3. The attempt at a solution

My solution:

Rearranging the equation gives A'(t)/A(t) = log(A(t)) ' = p implies that log(A(t)) = p*t + K for some constant K. Then A(t) = exp(pt + K). To find K, we simply plug in t = 0, and K = log(A(0)), or A(0) = exp(K). Then A(t) = A(0) * exp(pt).

Mathematically, I do not see much wrong with this (except for the case where the initial amount is zero). What I am curious about is the formula itself: if the probability is a positive quantity less than 1 (say, 75%), and A(0) is say, one unit of mass, then the amount of substance seems to increase with time, as the function describing the behavior is exp(0.75t), which gets large as t gets large.

Where am I wrong? I certainly am not a crackpot who has "proved math wrong", so I am assuming that I have made a flaw somewhere (and it probably isn't the formula itself, as this is the one given by the book which I trust fairly well).

2. Jul 23, 2012

AlwaysCurious

I see the problem - or at least I think I do. The original equation should be A'(t) = -pA(t), because the amount shrinks proportionately to the amount, not grows!

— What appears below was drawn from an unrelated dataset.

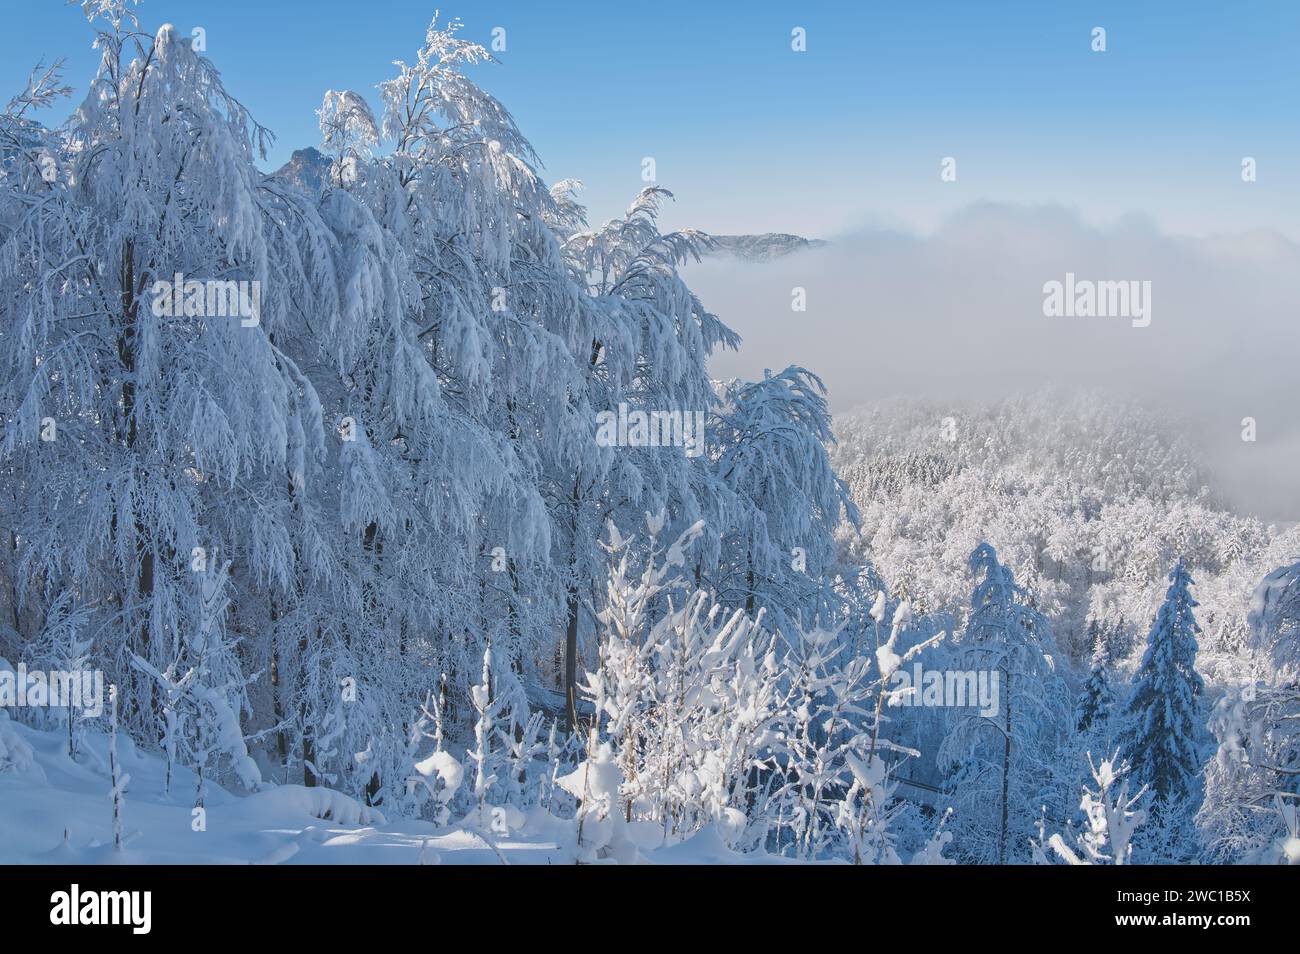 Snow covered trees in a winter landscape in Bavaria near the Alps Stock Photo

The solution to this new equation is A(0)e^-pt, one that at least I find somewhat beautiful and validates some of the intuition-y characterizations of e as something that involves "continuous self-referential growth".

3. Jul 23, 2012

HallsofIvy

Staff Emeritus
Or your "p" is a negative number to begin with.

4. Jul 23, 2012

AlwaysCurious

But isn't "p" supposed to be the probability that the particle decays? How could the probability be negative?

5. Jul 23, 2012

HallsofIvy

Staff Emeritus
Yes, you are right. I had passed over that part of your original post.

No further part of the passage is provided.